Si è arrivati così alla pronuncia della Cassazione: annullato l’ergastolo a Nino Madonia, tra i capi supremi della stagione stragista progettata dal sanguinario padrino Totò Riina e chissà da quale altra mente «raffinatissima» esterna a Cosa nostra e interna allo Stato, tuttora ignota. In pratica i giudici della Suprema corte hanno deciso che sarà necessario un nuovo processo d’appello.

Nino Agostino era un poliziotto ufficialmente assegnato al servizio volanti, in realtà operativo in una unità speciale dei servizi segreti a caccia di latitanti della mafia siciliana. Negli anni aveva stretto un rapporto con il giudice Giovanni Falcone, e stava indagando sulle trame nere intrecciate a quelle grigie di Cosa nostra.

Un lavoro ad alto rischio in quegli anni di guerra dichiarata allo Stato. «Tutto questo lo aveva introdotto in quello spazio di contiguità in cui si verificavano le connessioni illecite tra mondo mafioso ed apparati dello Stato. Aveva visto incontri tra mafiosi ed esponenti delle istituzioni. O comunque aveva compreso il significato illecito delle relazioni sistemiche tra i due mondi.

Manifestando la volontà di non finire in questo calderone, Agostino aveva guadagnato l’ostilità non solo di Cosa nostra, ma anche interna del suo mondo. In particolare di coloro nelle istituzioni che temevano che Agostino potesse rivelare quanto aveva vissuto e soprattutto quanto aveva visto». Questo è un passaggio della requisitoria del procuratore generale in corte d’appello che aveva portato alla condanna di Madonia, poi annullata dalla Cassazione.

Il padrino, che è detenuto in regime di carcere duro, ha commesso un’infinità di stragi e omicidi: è stato esecutore materiale, per esempio, dell’uccisione di Pio La Torre, il segretario del Partito comunista in Sicilia. Ed è indagato tuttora per l’esecuzione dell’allora presidente della regione Piersanti Mattarella, fratello del presidente della Repubblica. Delitti eccellenti, con pezzi di verità mancanti, come quelli che legano questi fatti all’alleanza tra mafia ed eversione neofascista.

La barba e la memoria

Più i delitti hanno una radice occulta, frutto di alleanze oscure, maggiore è la probabilità che non si arrivi a una verità giudiziaria. O che la ricerca di questa verità sia ostacolata da depistaggi, imbrogli, coperture. C’è da rabbrividire a pensare quanti autori e mandanti di tali operazioni sono ancora in circolazione.

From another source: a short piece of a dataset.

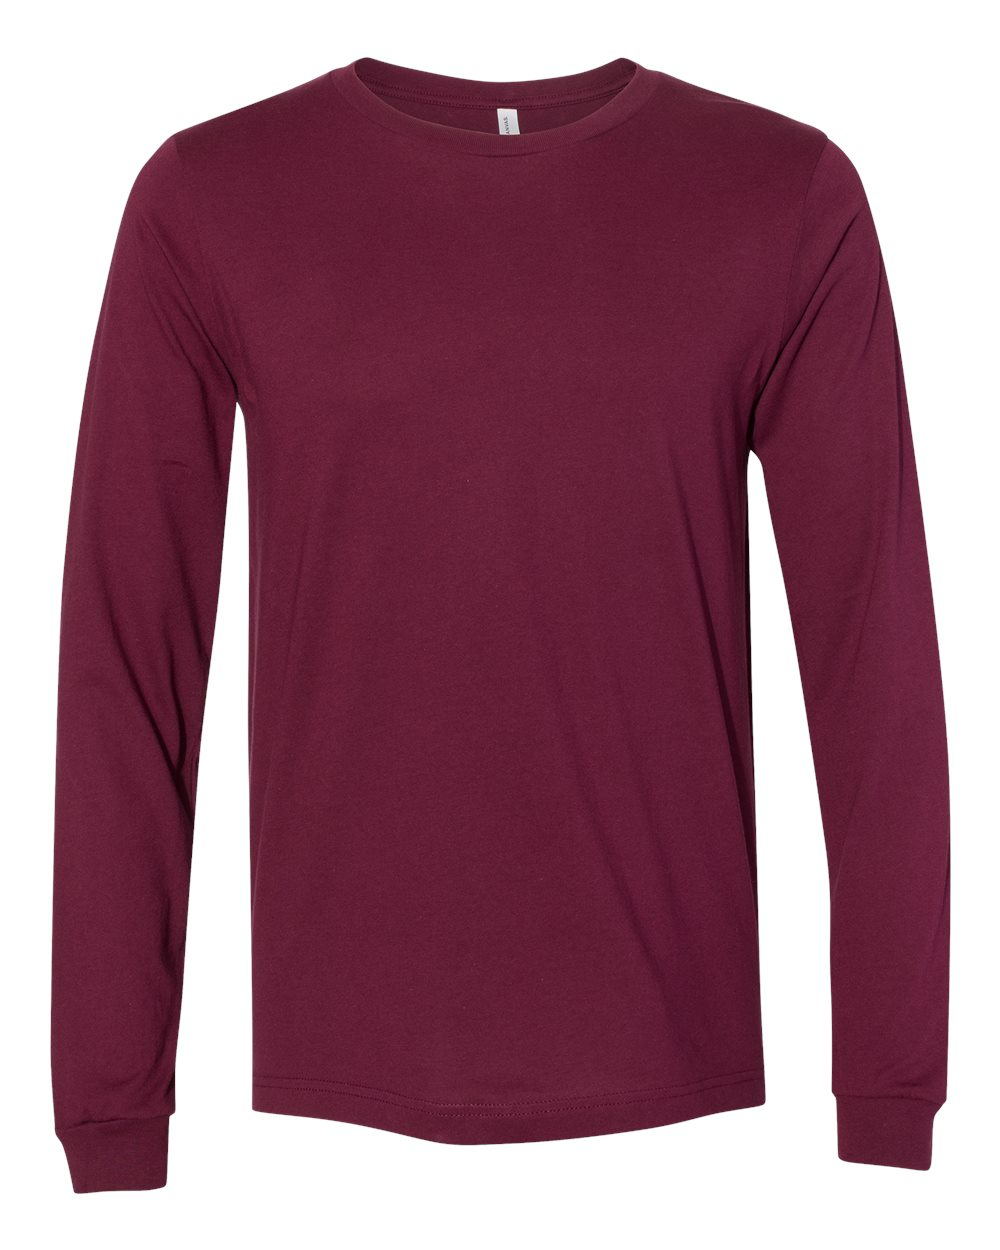 Bella-Canvas-Mens-Blank-Top-Long-Sleeve-Jersey-Tee-T-Shirt-3501-up-to-3XL thumbnail 76

Lo sapeva bene il padre di Nino Agostino, Vincenzo, morto a 87 anni ad aprile scorso. Suo malgrado è diventato un simbolo dell’antimafia e dei familiari delle vittime delle mafie: per 35 anni ha lasciato crescere la sua barba bianca, con la promessa di tagliarla il giorno in cui avesse ottenuto giustizia per suo figlio. Non ha fatto in tempo a radersi, si diceva nei giorni della sua scomparsa. In realtà oggi è più corretto dire che quella barba l’avremmo vista allungarsi ancora e ancora, aspettando giustizia, forse un giorno chissà.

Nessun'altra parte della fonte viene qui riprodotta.